All microorganisms, including SARS-COV-2 virus are evolving naturally over time, and hereby affecting its infectivity, disease severity, performance of preventive vaccines/ therapeutics/ diagnostic tools, or other public health measures. At present time, the WHO's expert group has recommended four SARS-COV-2 Variants of Concern (VOCs) i.e., Alpha, Beta, Gamma, Delta. Later ones are responsible for: (i) increase in transmissibility and virulence and (ii) decrease in effectiveness of available vaccines, therapeutics, diagnostics, or public health and social measures.
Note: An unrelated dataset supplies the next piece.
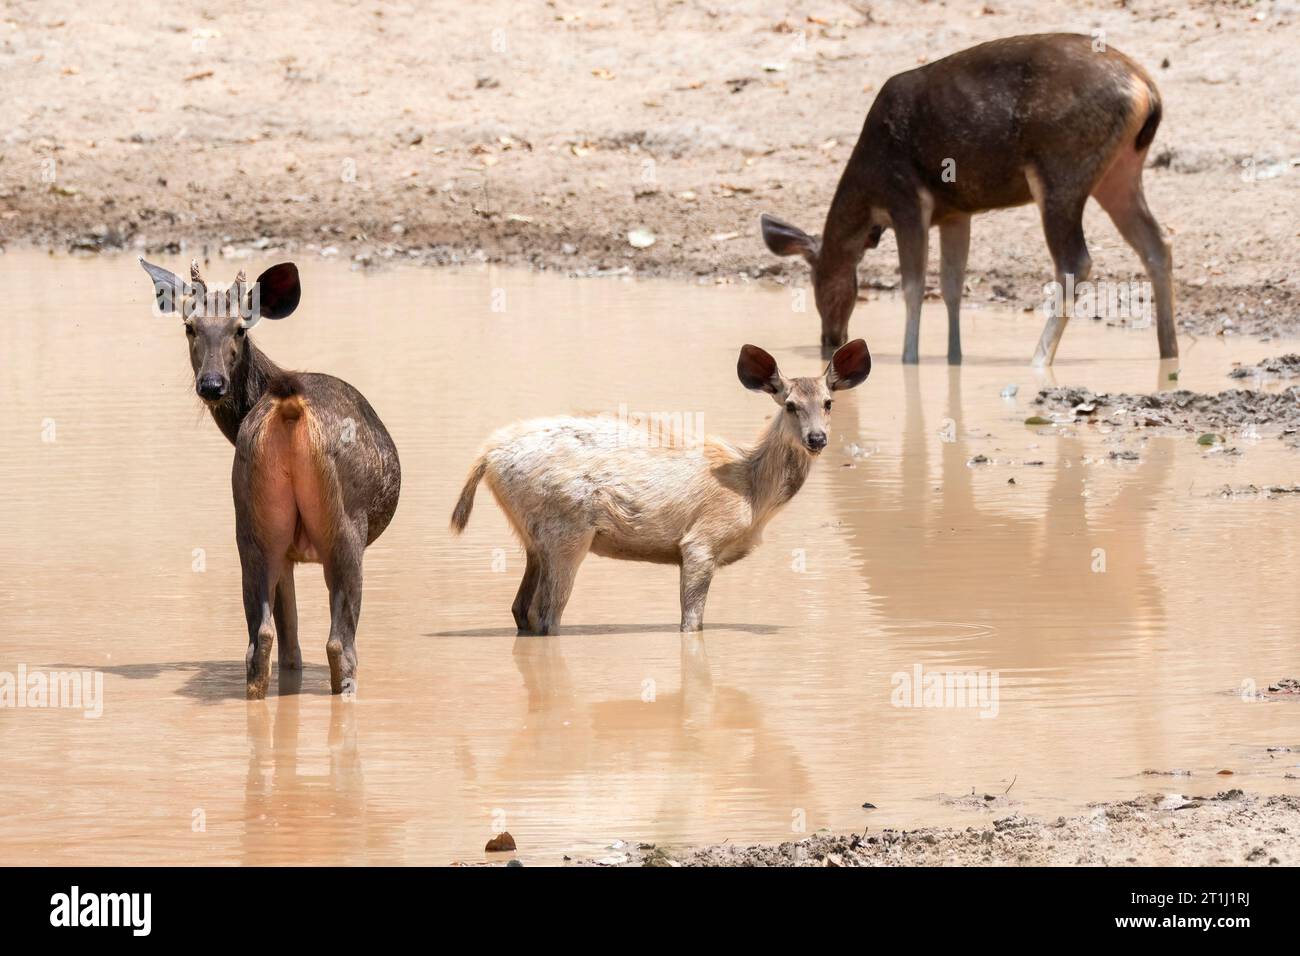 Un cerf sambar profitant d'un nouveau bain frais dans un trou d'eau au milieu de la réserve de tigre de Pench pendant un safari animalier Banque D'Images

This is a simplified depiction of survival and adaptation natural selection under illness-prone areas. Little food, malnutrition, unclean water, low level of sanitation and shelter, etc., have arisen over the years among low-income countries.
Strengths and limitations
Despite a huge variation in SARS-COV2 infectivity from economically strong (18.44%), less strong (4.44%), very less strong (2.64%) to weak (0.23%) countries, there is a good possibility of under-reporting of Covid-19 cases in low-income countries. Nevertheless, a strong margin of Covid-19 cases between, (i) economically strong and less strong countries, (ii) economically less strong and very less strong countries, (iii) economically very less strong and weak countries, still persist, suggesting limitations of this study may be less obvious. Undoubtedly, low GDP countries are very less vulnerable with robust immune responses during pandemic time and so before.
Hence, the result of evolutionary processes with similar functional alleles offering an immune response to COVID-19 seems an ideal fit to safeguard low GDP countries. On the other hand, the improved living standard along with much high health care spending in high income countries, allowed no adaptive challenges for the lives of the population and natural selection admits no historical fact of evolution. In other words, a causal relationship running from high GDP countries to offer a very low immune response in population during a pandemic, is no longer in much dispute.